- Born: c. 1410 Akrar, Iceland
- Died: c. 1490
- Other names: Akra-Kristín
- Spouse(s): Helgi Guðnason (until 1440); Torfi Arason (until 1459)
- Children: Ingveldur Helgadóttir, Málmfríður Torfadóttir, Guðrún Torfadóttir

= Akra-Kristín Þorsteinsdóttir =

15th-century Icelandic noblewoman

Kristín Þorsteinsdóttir (c. 1410 – 1490), also named Akra-Kristín after the farm Akrar in Blönduhlíð in Skagafjörður, Iceland where she lived, was an Icelandic noblewoman in the 15th century.

Kristín was the only daughter of the lawyer Þorsteinn Ólafsson and his wife Sigríður Björnsdóttir whose marriage certificate from the Hvalsey church in Greenland dated September 16, 1408 is the last written source of Norse settlement in Greenland. Kristín inherited a lot of wealth from her parents.
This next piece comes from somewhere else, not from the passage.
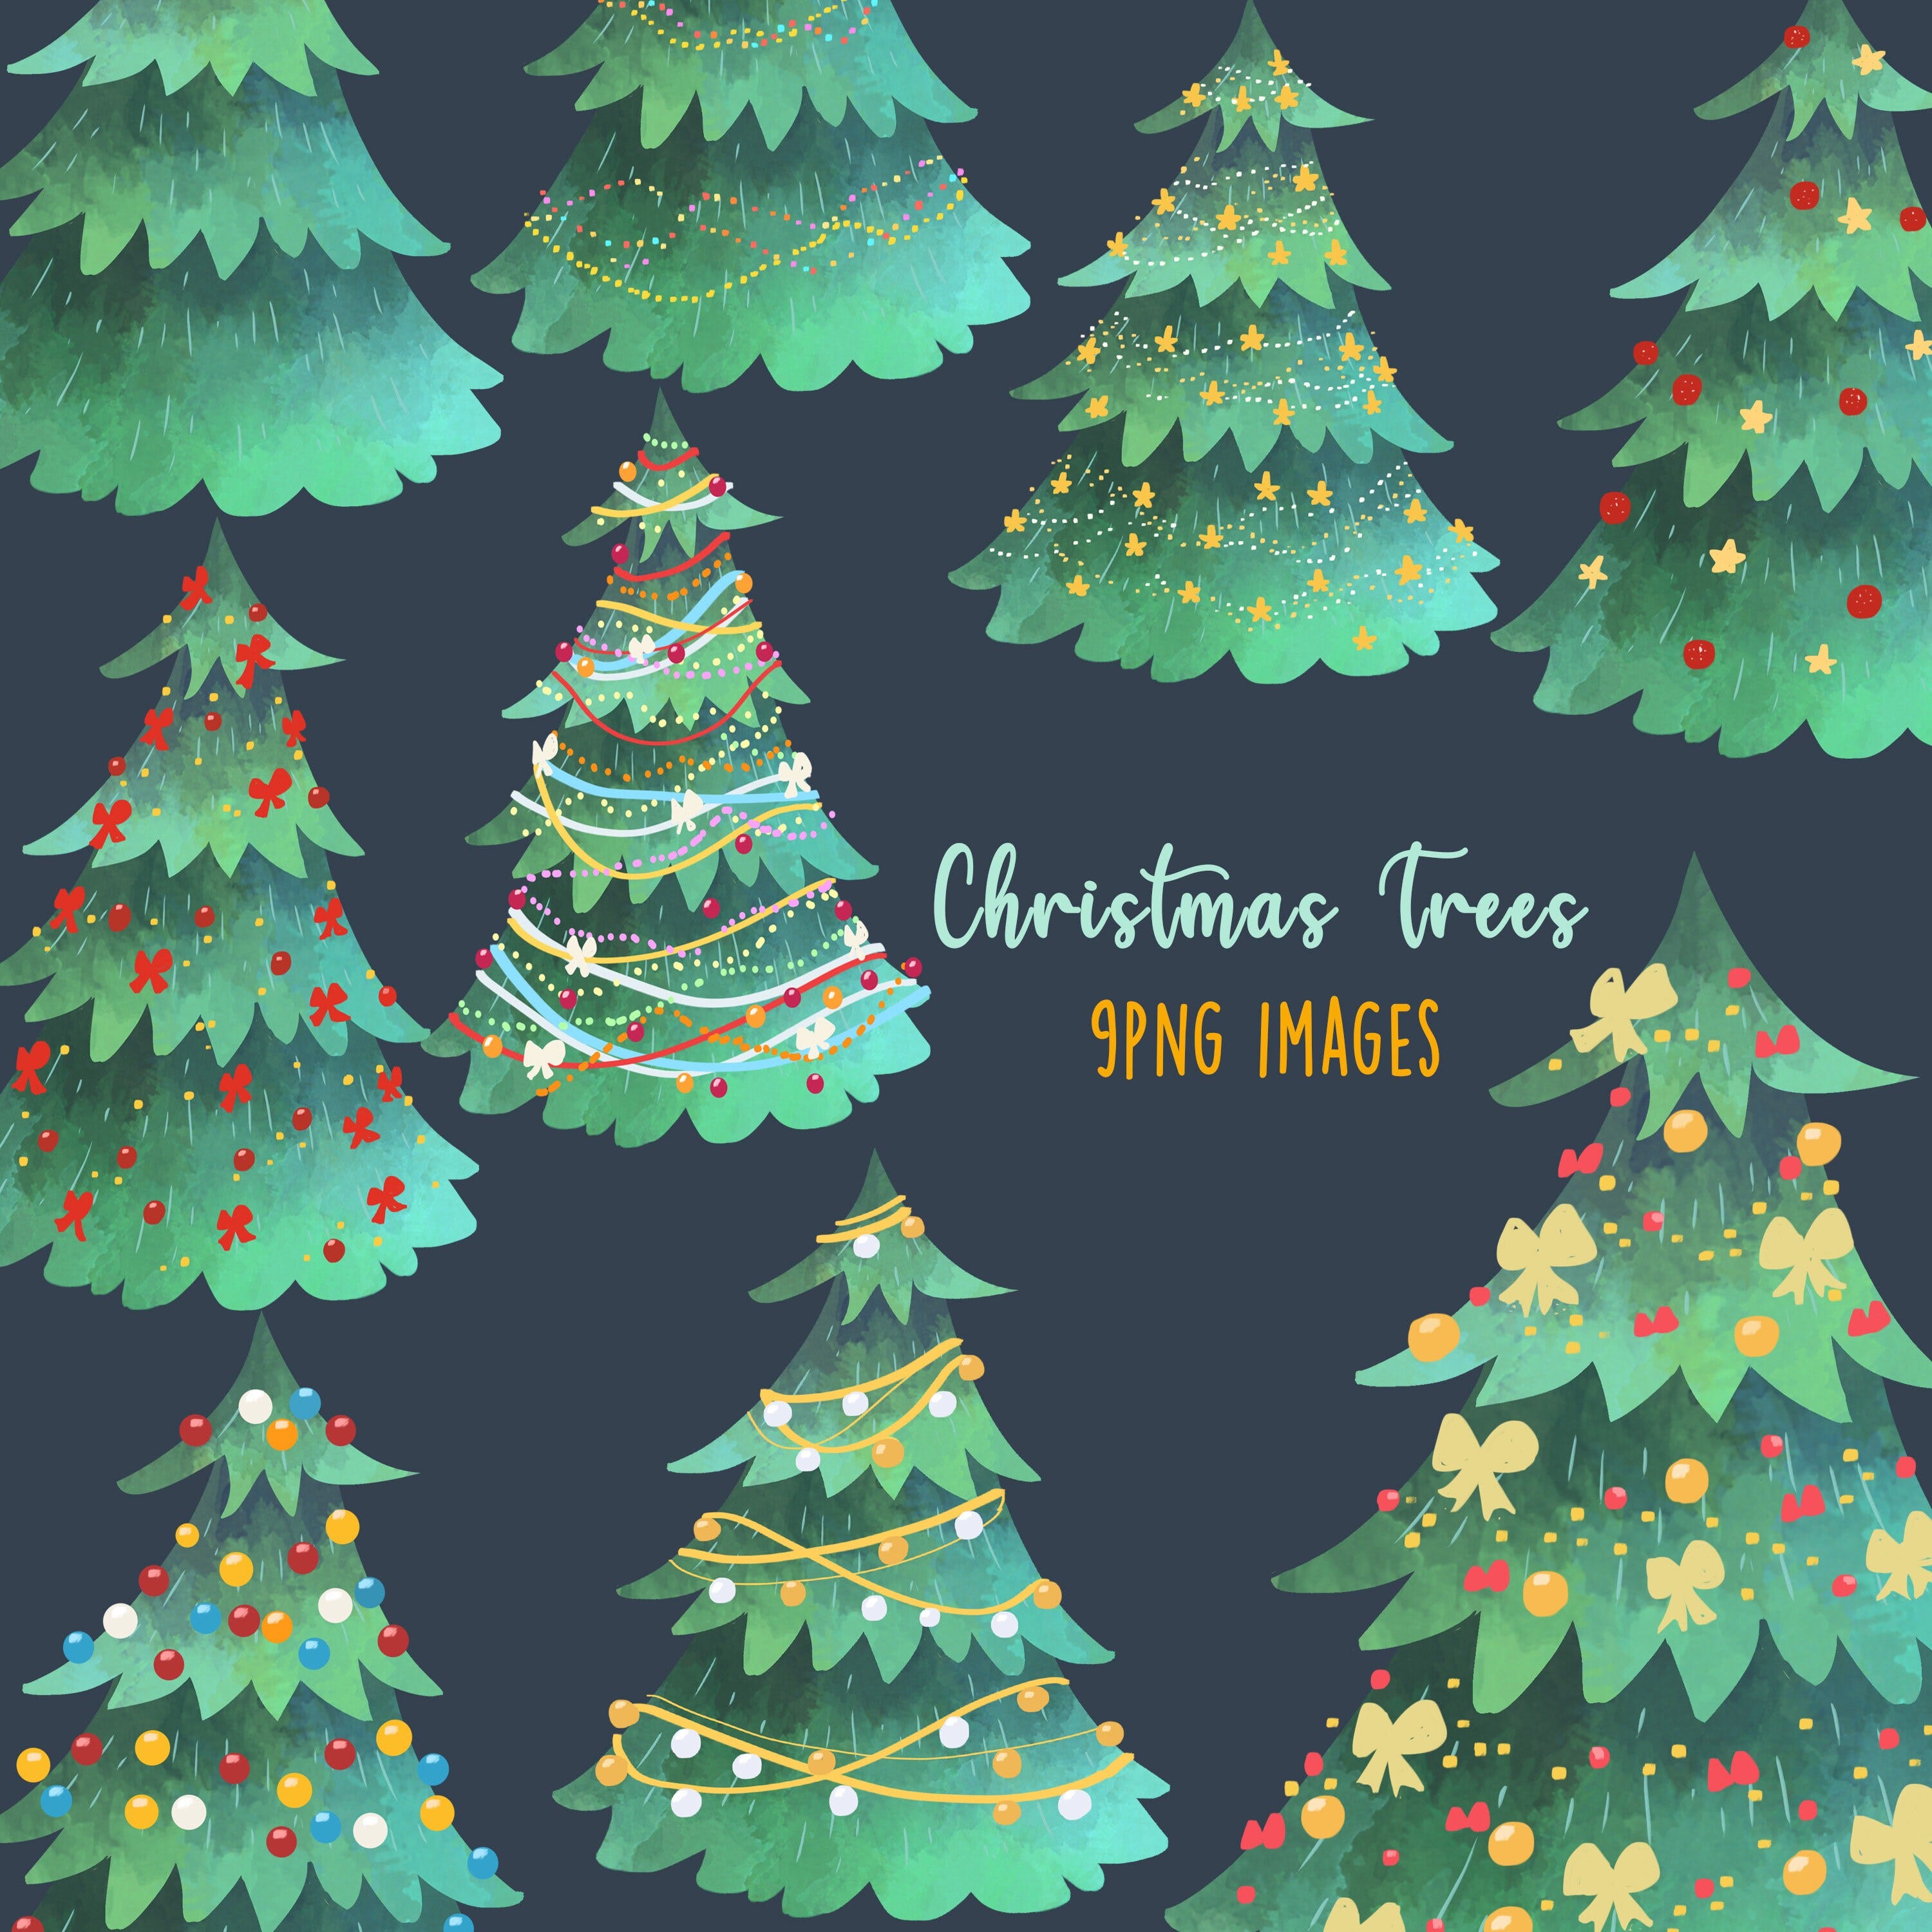 Watercolor Christmas Tree Clipart, Christmas clipart, Christmas trees clipart, Christmas trees png, Christmas Clipart, Watercolor Tree png

Her first husband was the lawyer Helgi Guðnason who died in 1440. Kirstín then married the magistrate Torfi Arason who died while abroad in 1459. Kristín continued living in Akra after Torfi's death and lived to an old age. She was renowned in her time for being one of the richest women in the country and marrying two powerful aristocrats.

Kristín and Helgi's daughter Ingveldur, wife of the Reykhólar magistrate Þorleifur Björnsson, and the farmer Þorsteinn of Reynir in Mýrdalur. Kirstín had two daughters with Torfi: Málmfríður and Guðrún (mistress of Einar Benediktsson, abbot of Munkaþverá).